Hi all, Finally I temporarily migrate my mailserver to another box. It has been experiencing troubles with the SATA discs (Maxtor and Western Digital).
I then upgraded the kernel to the latest one: 2.6.9-34.ELsmp and now smartd can run.
When I do: smartcl -d ata -a /dev/sda, it says some errors but I don't know what does it mean.
This is the result: http://pastebin.com/624613 The problems it encoutered were: time out on device. Pls take a look at the pastebin for details.
Is the drive still ok?
Running smartcl on sdb gives no error. Thanks,
On Mon, 27 Mar 2006, Fajar Priyanto wrote:
Finally I temporarily migrate my mailserver to another box. It has been experiencing troubles with the SATA discs (Maxtor and Western Digital).
I then upgraded the kernel to the latest one: 2.6.9-34.ELsmp and now smartd can run.
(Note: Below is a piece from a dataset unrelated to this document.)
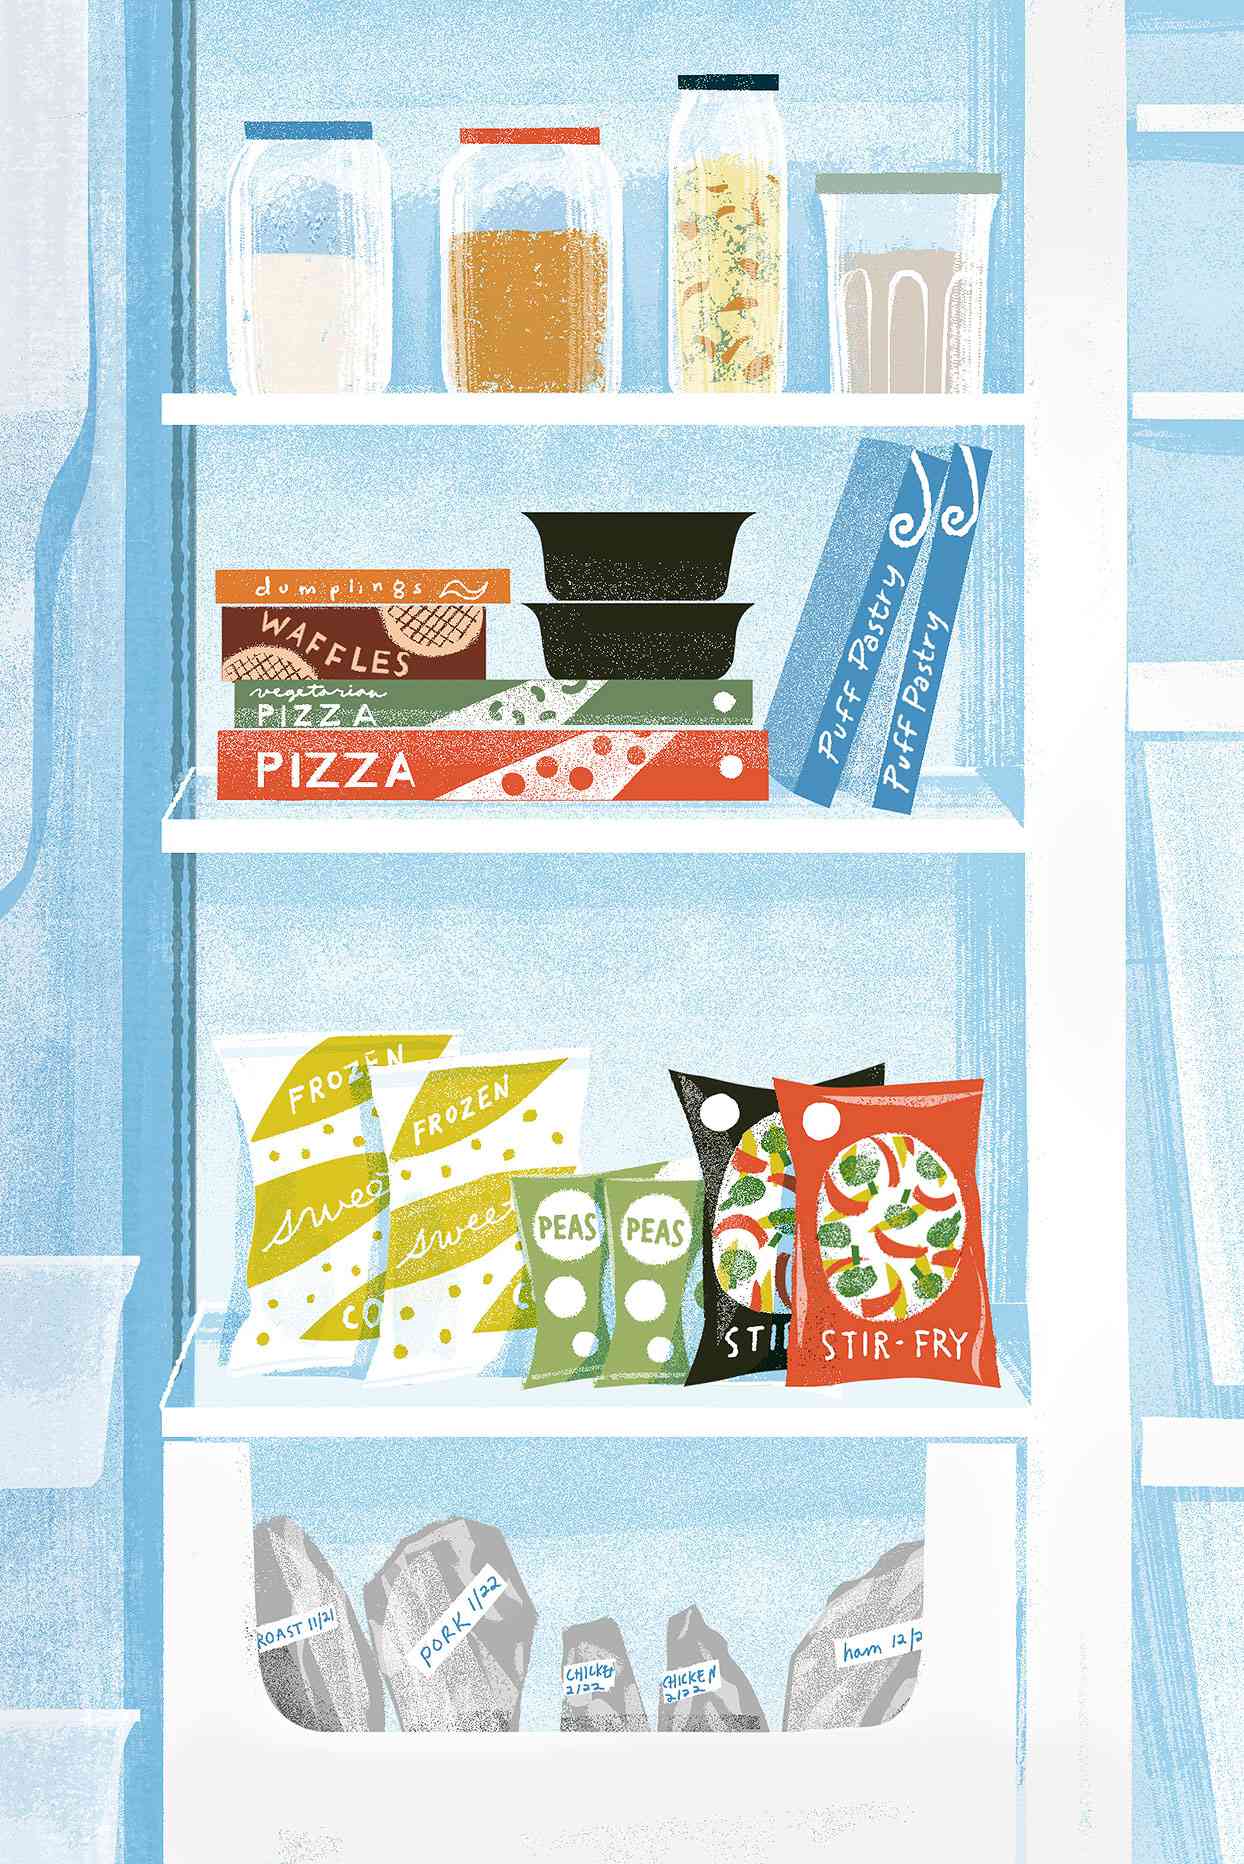 refrigerator shelves products illustration

When I do: smartcl -d ata -a /dev/sda, it says some errors but I don't know what does it mean.
This is the result: http://pastebin.com/624613 The problems it encoutered were: time out on device. Pls take a look at the pastebin for details.
Is the drive still ok?
Running smartcl on sdb gives no error.
Disable DMA to see if that results in errors as well. But it seems sda has uncorrectable errors.
Kind regards, -- dag wieers, dag@wieers.com, http://dag.wieers.com/ -- [all I want is a warm bed and a kind word and unlimited power]
On Monday 27 March 2006 09:24 pm, Dag Wieers wrote:
Disable DMA to see if that results in errors as well. But it seems sda has uncorrectable errors.
Hi Dag, After some researches on the net, I came upon some posting that SMART enabled disk will keep any error it encounters in it's log/memory. So, any in my case, it seems that the error was occuring in the past for quite some time comparing to the online hour of the disk.
Nevertheless, I reformated sda2 and also performed a double surface scan on it, but after half a day, it turned out to be ok. Very strange. Also currently it runs without any error at all. I plan to monitor it for a couple of days.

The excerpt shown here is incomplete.